WHAT THE EXERCISE ASKS => The whole listing that follows, pictures excepted, should be printed again exactly as given.

DATASET EXTRACT =>
------------------------------------------------------------

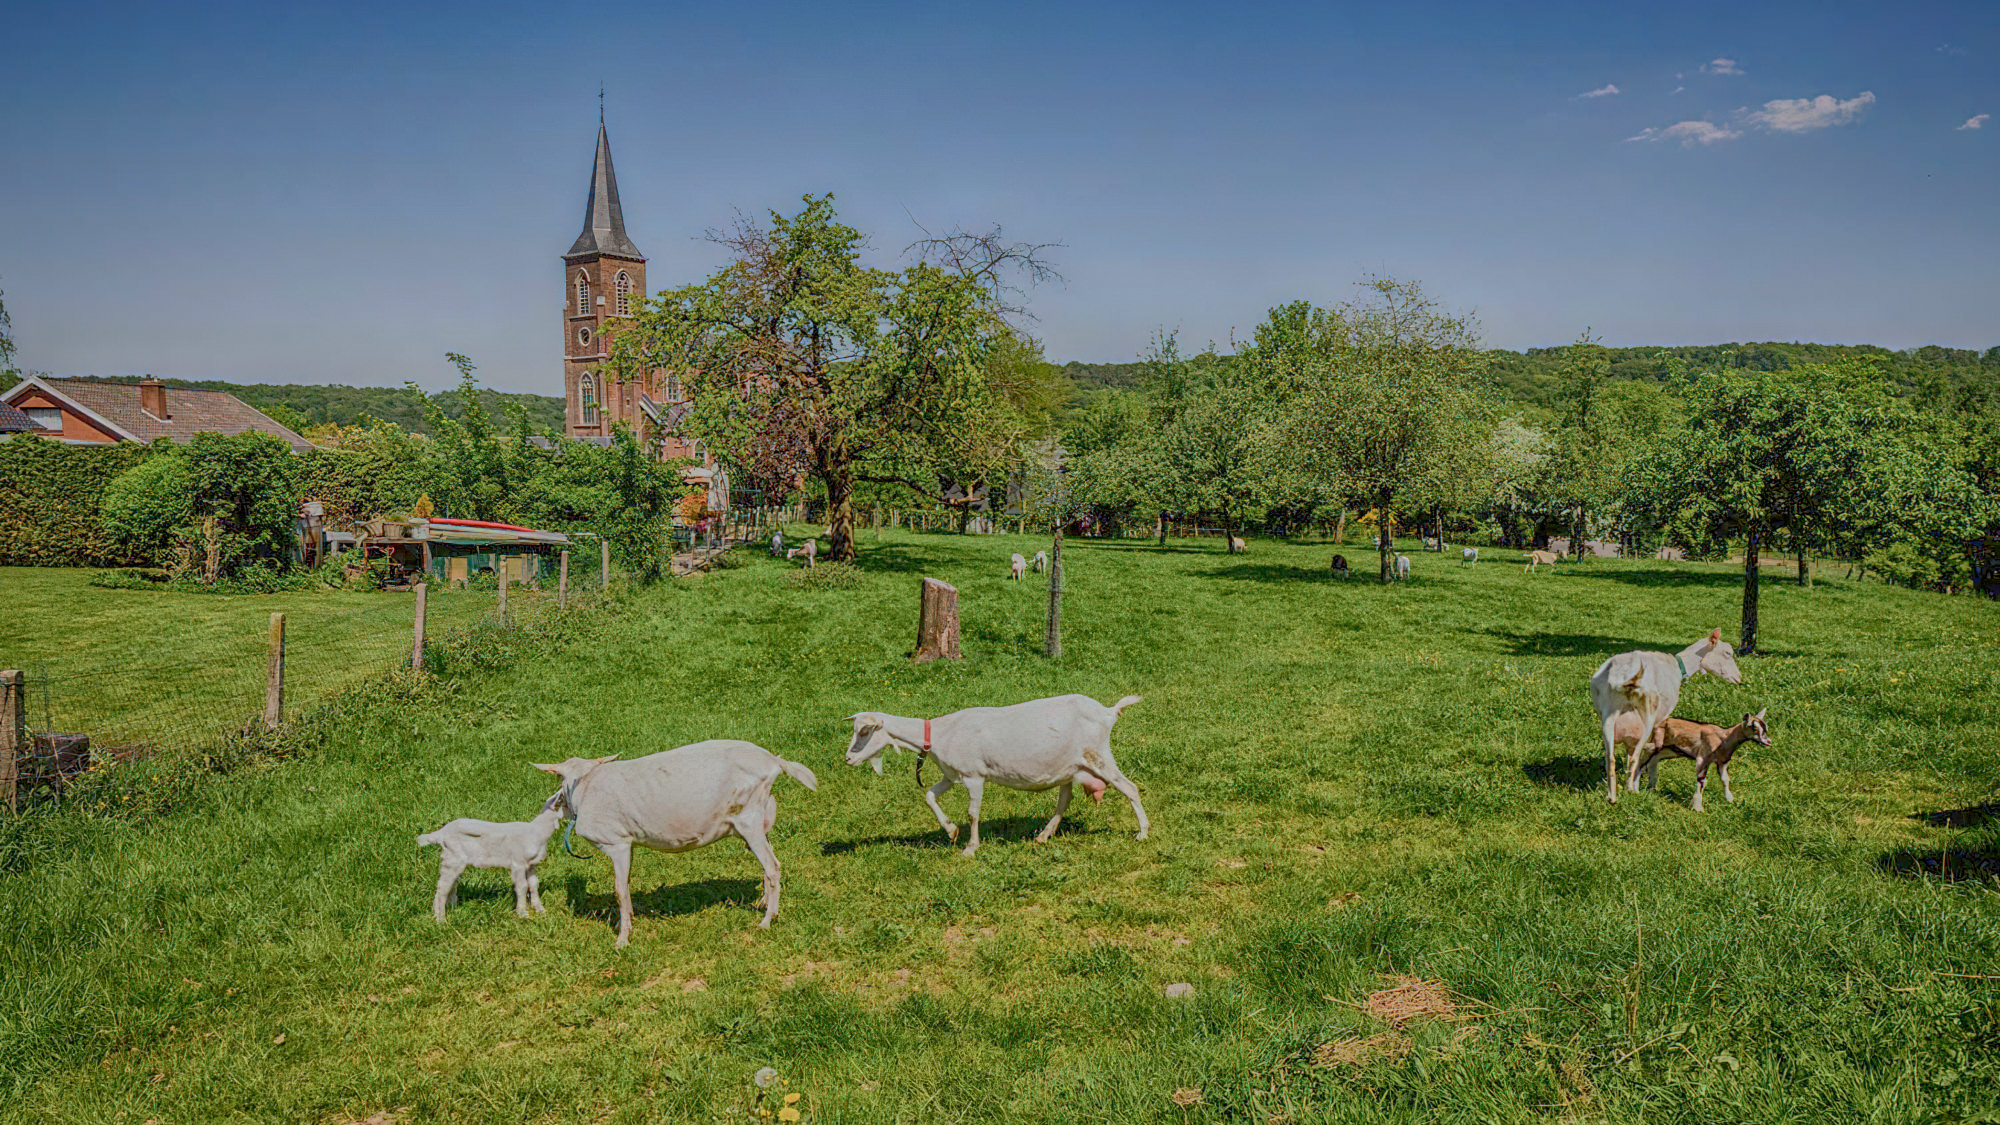 Les chèvres paissent dans le pré derrière Mostert Hoeve.
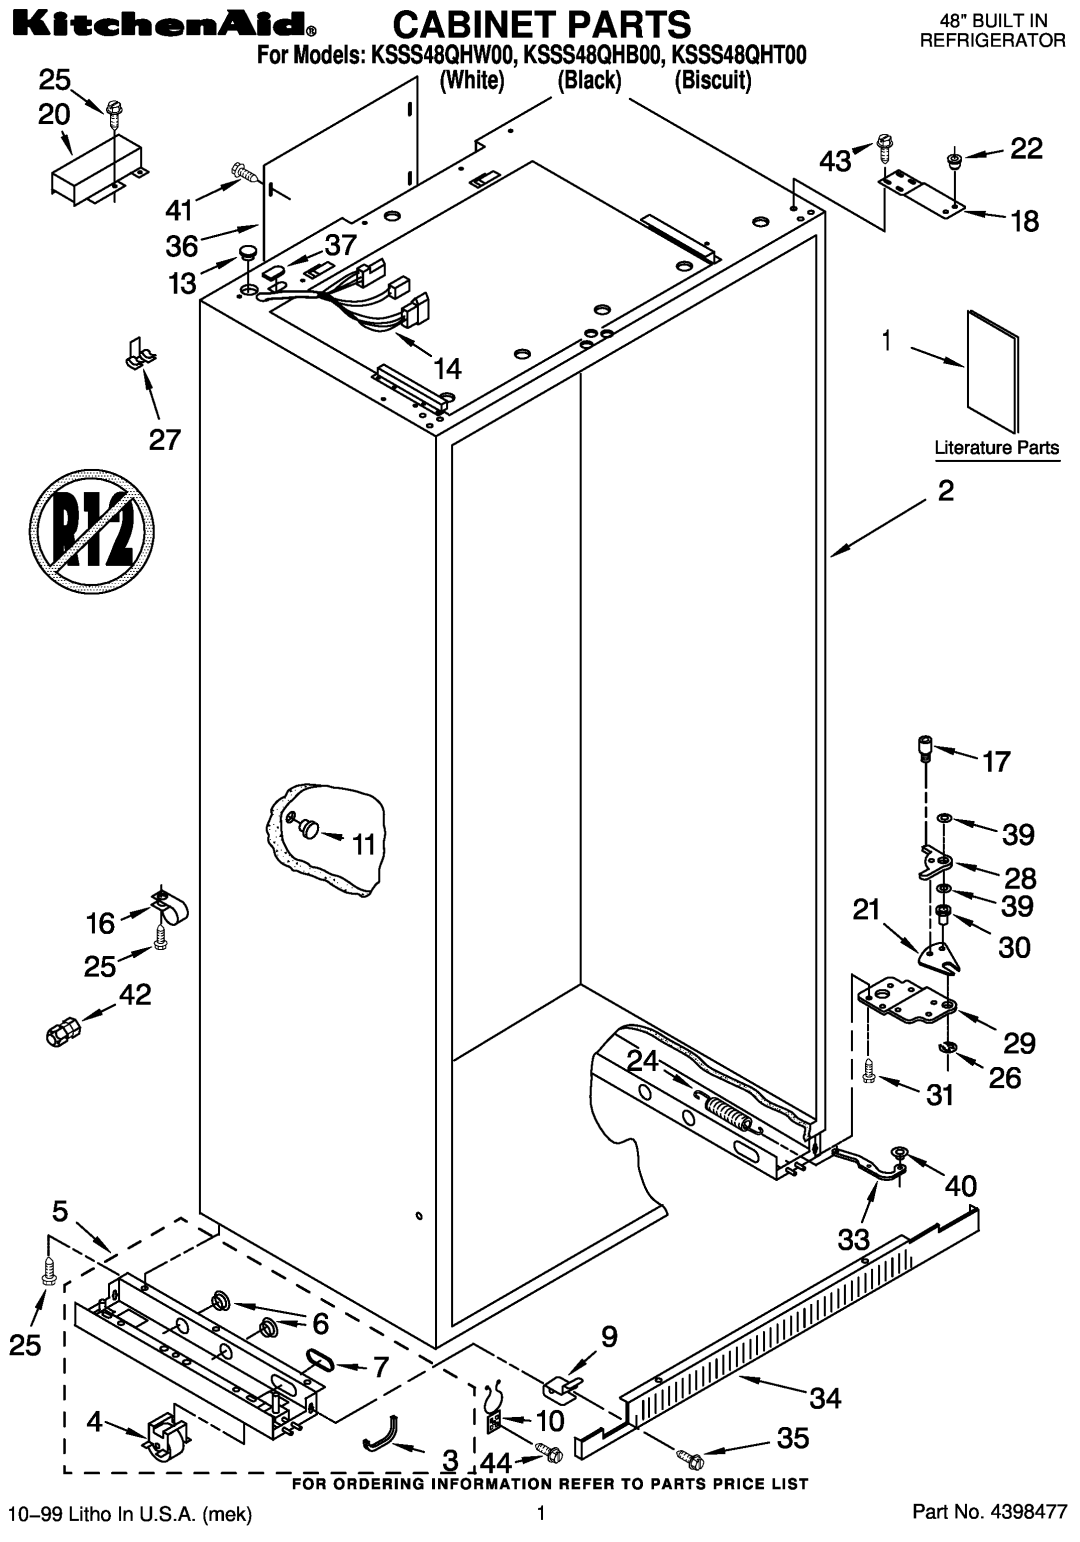 KitchenAid manual Cabinet Parts, For Models KSSS48QHW00, KSSS48QHB00, KSSS48QHT00 White Black Biscuit 
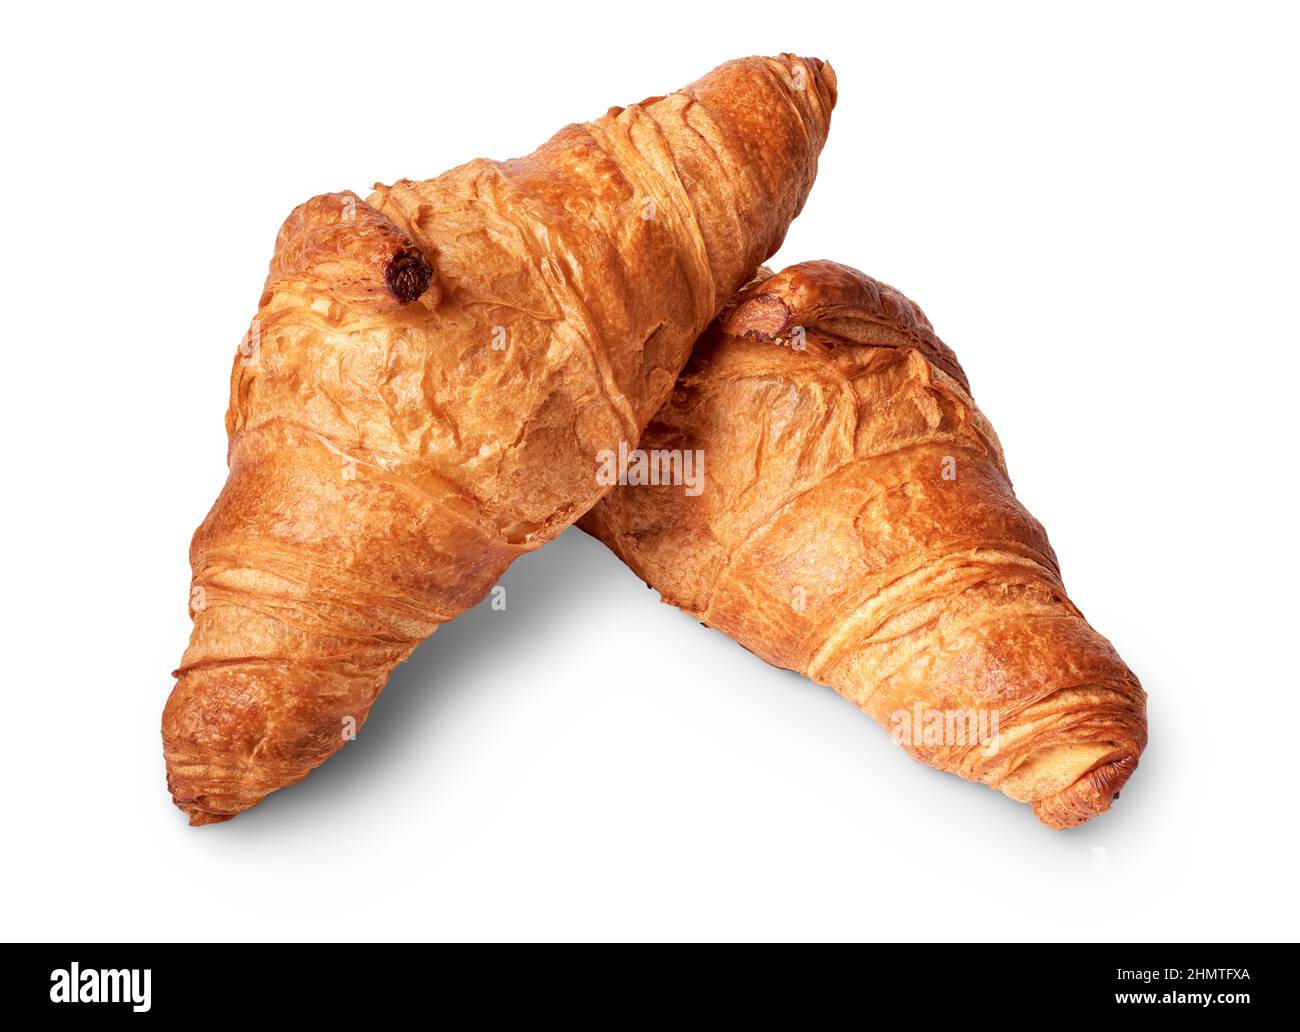 Oggetti isolati: Croissant tradizionale, panetteria francese con pasta sfoglia, su sfondo bianco Foto Stock

------------------------------------------------------------

SOLUTION FOR THIS TASK =>
 Les chèvres paissent dans le pré derrière Mostert Hoeve.
 KitchenAid manual Cabinet Parts, For Models KSSS48QHW00, KSSS48QHB00, KSSS48QHT00 White Black Biscuit 
 Oggetti isolati: Croissant tradizionale, panetteria francese con pasta sfoglia, su sfondo bianco Foto Stock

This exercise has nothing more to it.